"The Last Few Kilometres"
by Leonid Tsypkin
translated from the Russian by Jamey Gambrell
Originally published in the September 17, 2012 issue of The New Yorker.

For the second week in a row, The New Yorker gives us a very short — and very worthwhile — story. I had never read Leonid Tsypkin, who died in 1982, though I’ve heard great things and have been meaning to read him ever since I got a copy of his Summer in Baden-Baden. This story, though I’m still grappling with it, makes me excited for that.

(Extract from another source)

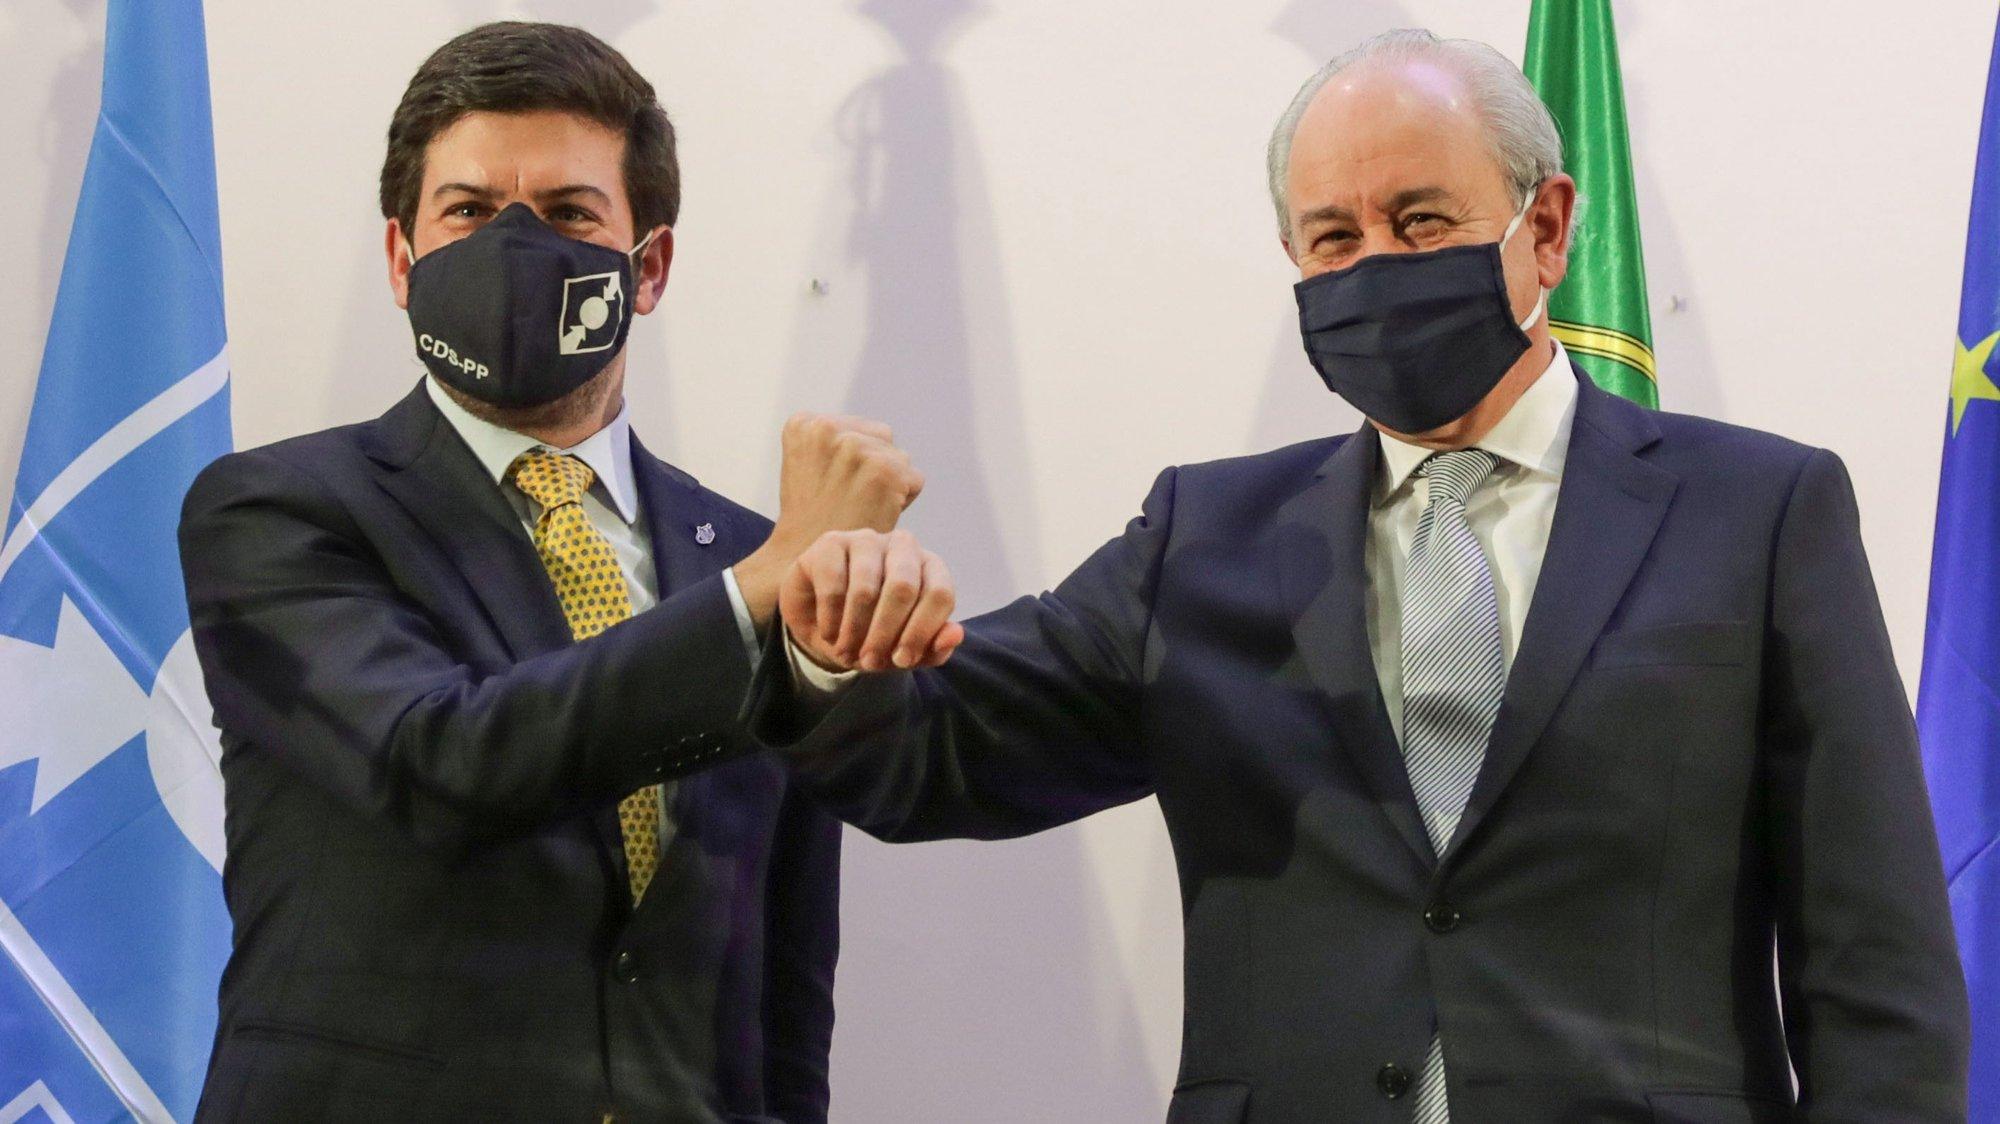 O Presidente do Partido Social-Democrata (PSD) Rui Rio (R) e o Presidente do CDS/PP, Francisco Rodrigues dos Santos (E), cumprimentam-se após a assinatura do acordo quadro para as eleições autárquicas, num hotel de Lisboa, 16 de novembro de 2020. TIAGO PETINGA/LUSA

According toThe New Yorker, “The Last Few Kilometres” was written in 1972, and you can feel the poverty of Moscow under the Soviet system. Throughout this story, our unnamed man is riding a train home from Moscow at twilight. Here is what he sees from his window:

Outside the window, in the murky film of the fading autumn day, Moscow’s former suburbs swam past — clusters of identical white high-rises with laundry hanging on the balconies — which weren’t suburbs anymore, but inside the city now. Closer to the railroad huddled earthbound two-story structures, blackened with soot; plots of land fenced off with solid walls stretched along the rails, their terrain cluttered with car bodies, stacks of logs, or rusted constructions of unknown purposes.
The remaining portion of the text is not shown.